Exercise brief – The records below must be transcribed exactly. Do not include the pictures.

Records for the task –
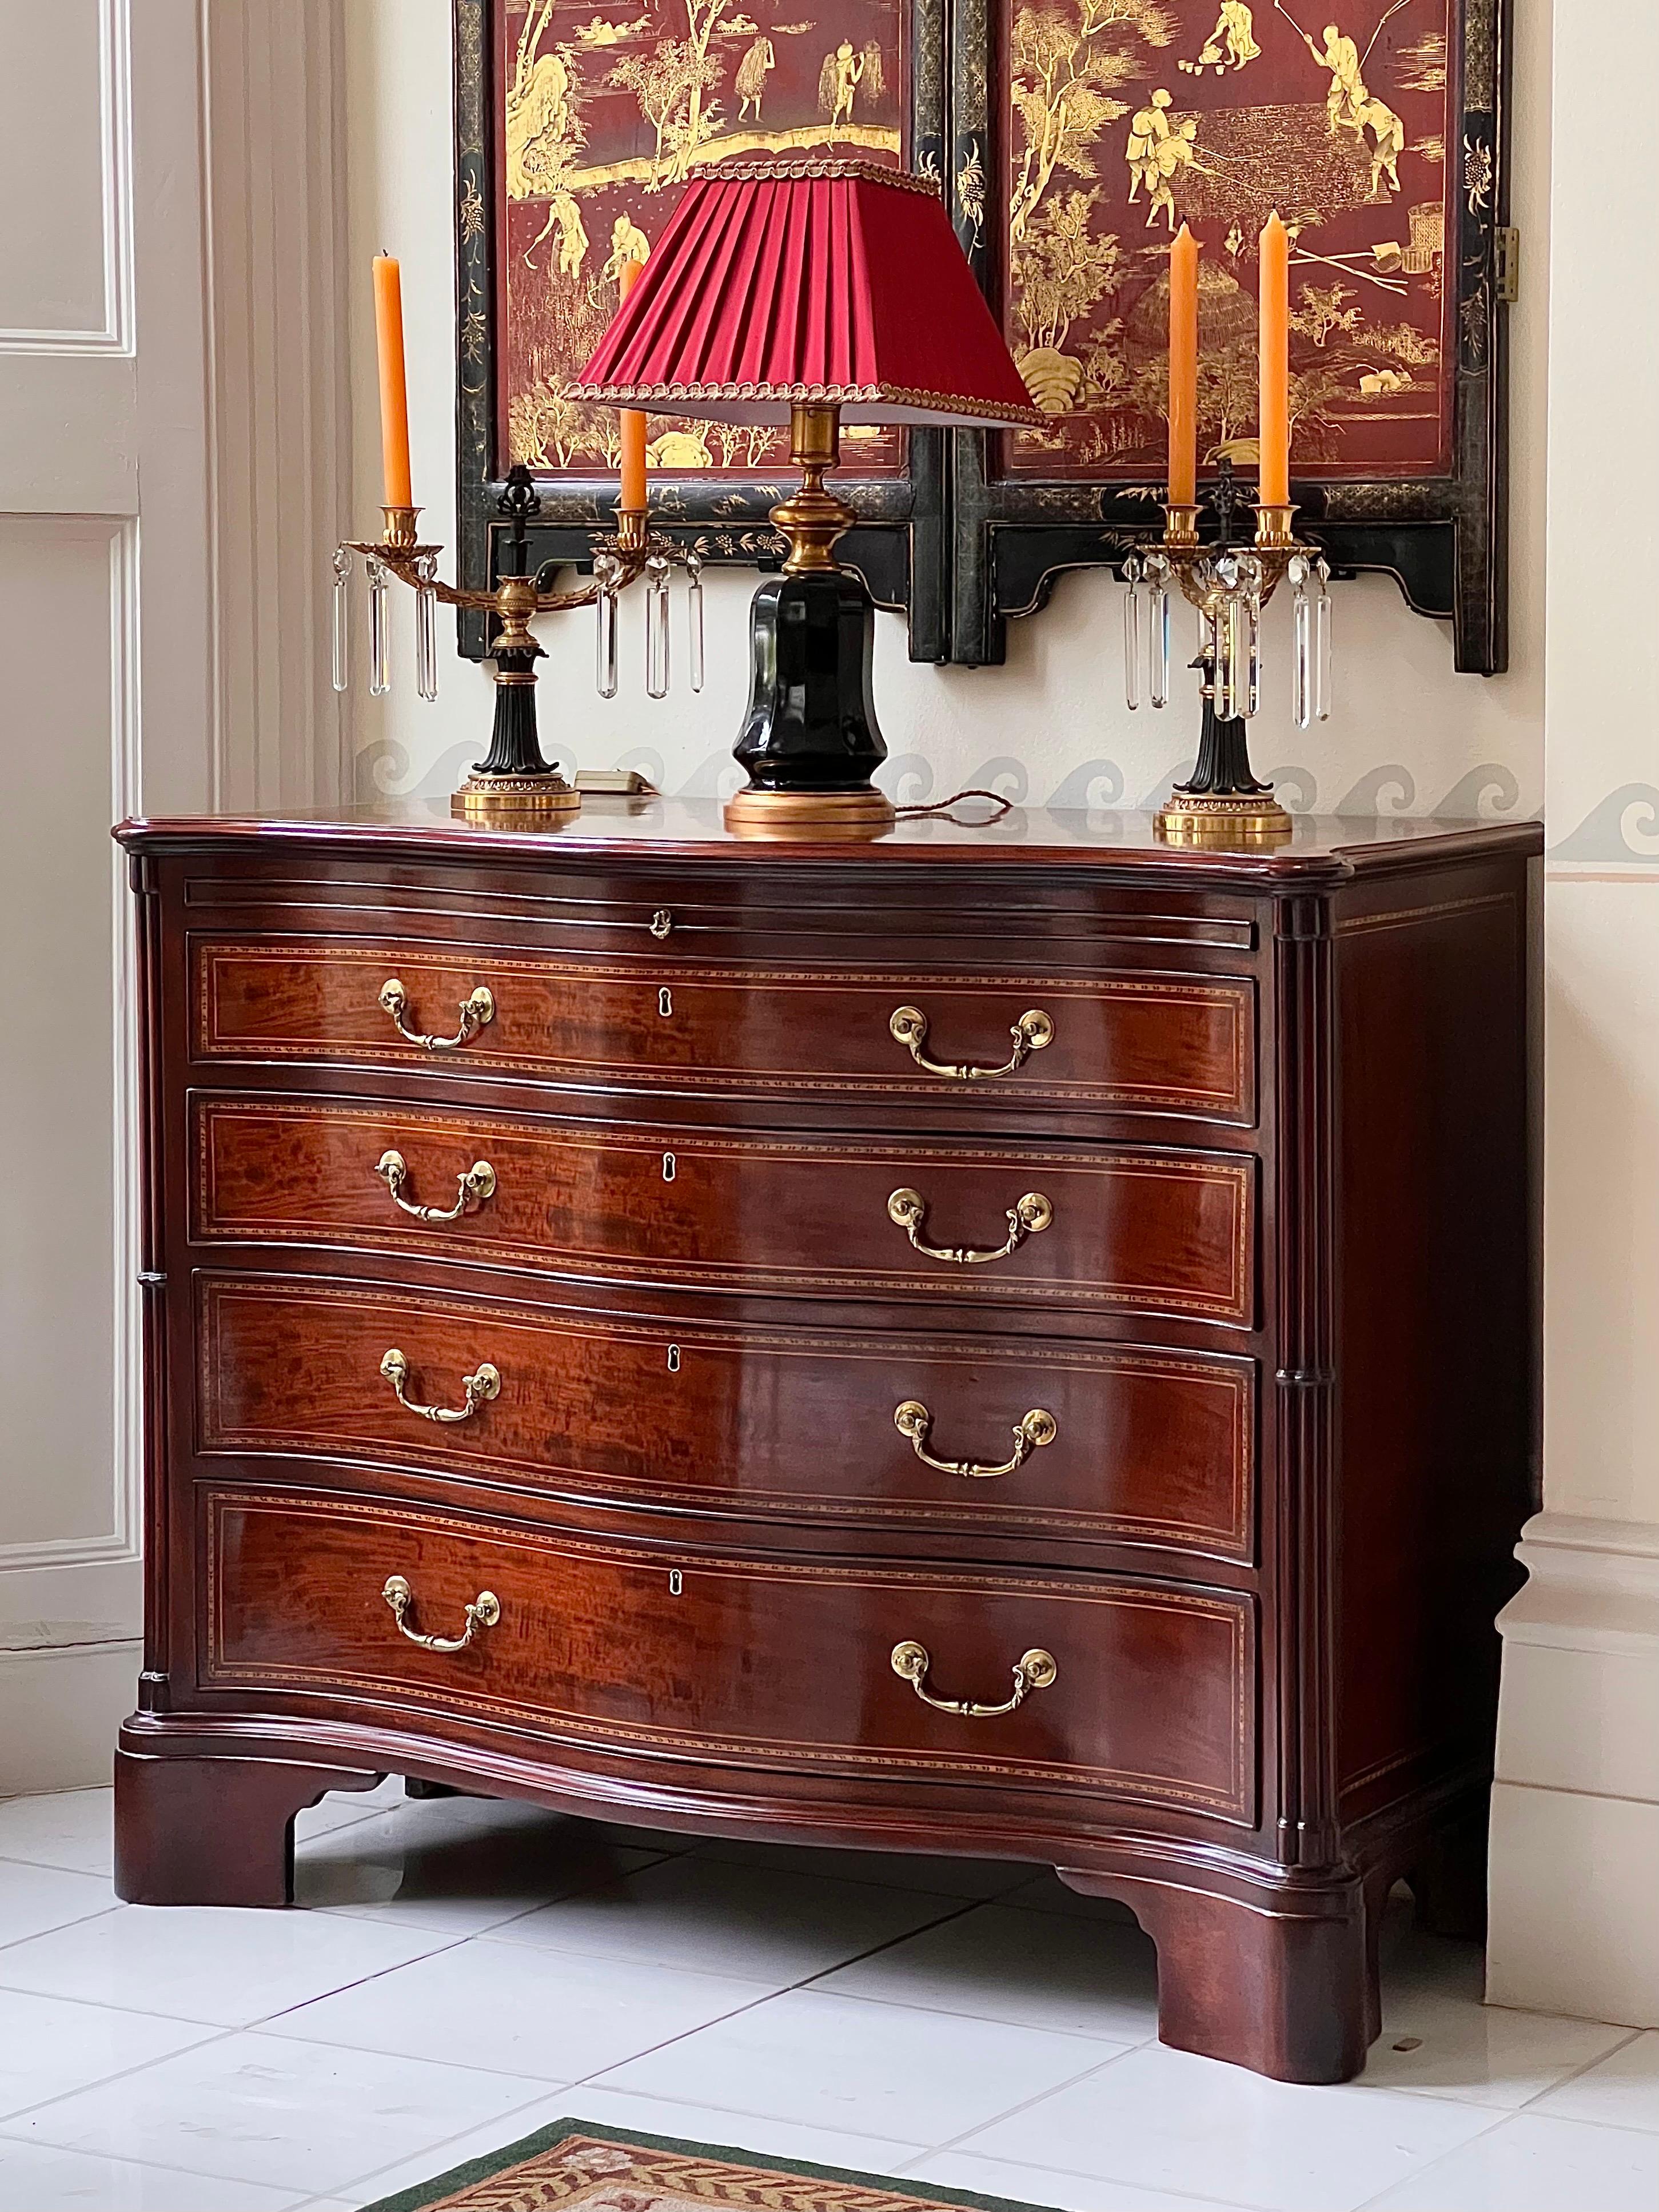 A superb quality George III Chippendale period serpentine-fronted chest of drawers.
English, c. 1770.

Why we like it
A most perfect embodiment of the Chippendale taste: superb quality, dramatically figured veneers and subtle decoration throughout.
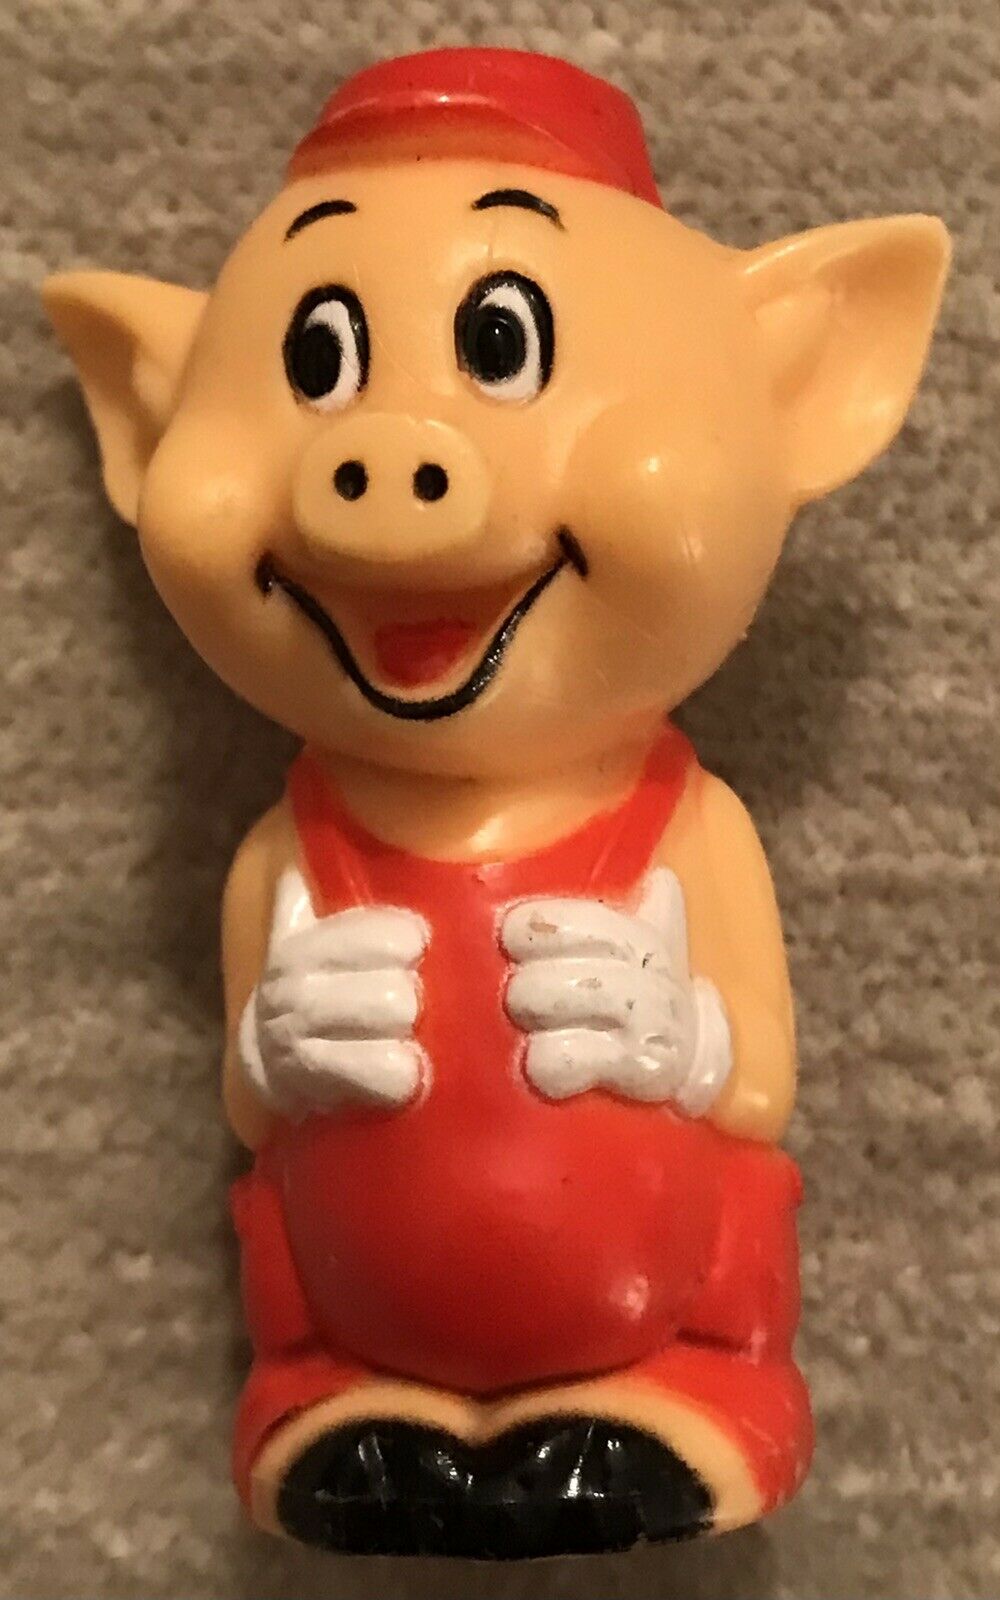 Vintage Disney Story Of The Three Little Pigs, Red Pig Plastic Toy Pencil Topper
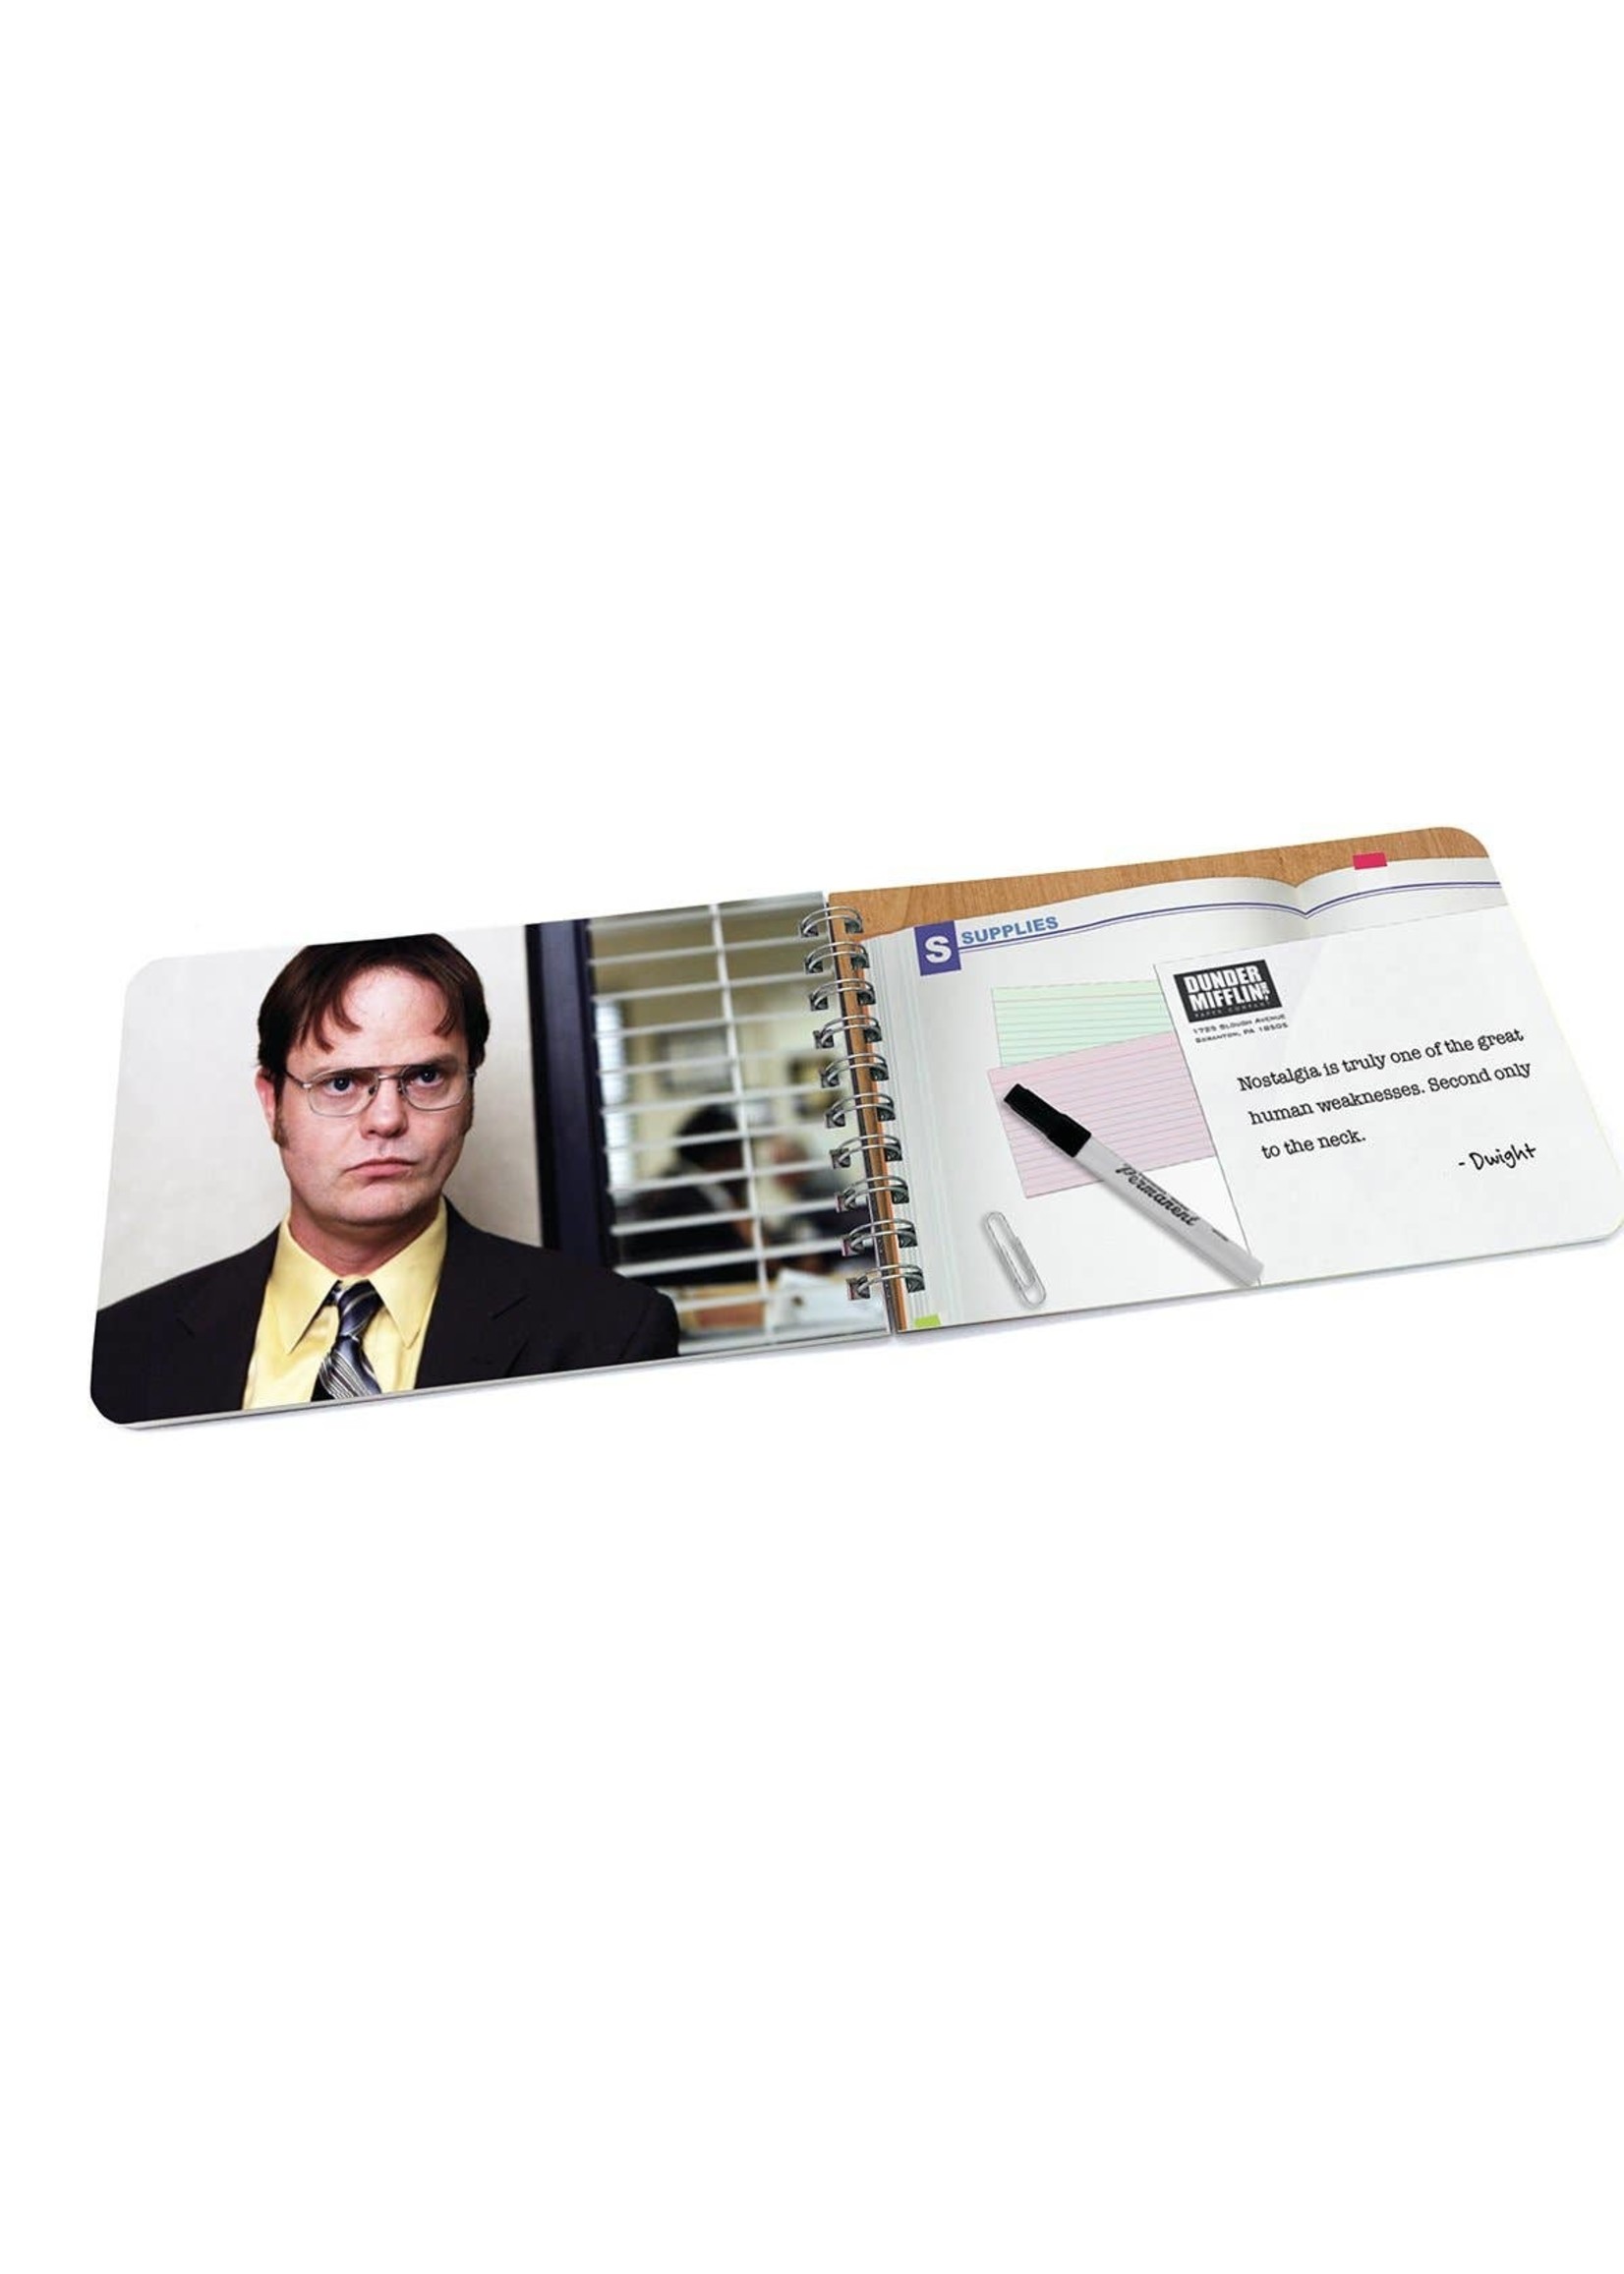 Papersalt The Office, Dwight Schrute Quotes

Result for this exercise –
 A superb quality George III Chippendale period serpentine-fronted chest of drawers.
English, c. 1770.

Why we like it
A most perfect embodiment of the Chippendale taste: superb quality, dramatically figured veneers and subtle decoration throughout.
 Vintage Disney Story Of The Three Little Pigs, Red Pig Plastic Toy Pencil Topper
 Papersalt The Office, Dwight Schrute Quotes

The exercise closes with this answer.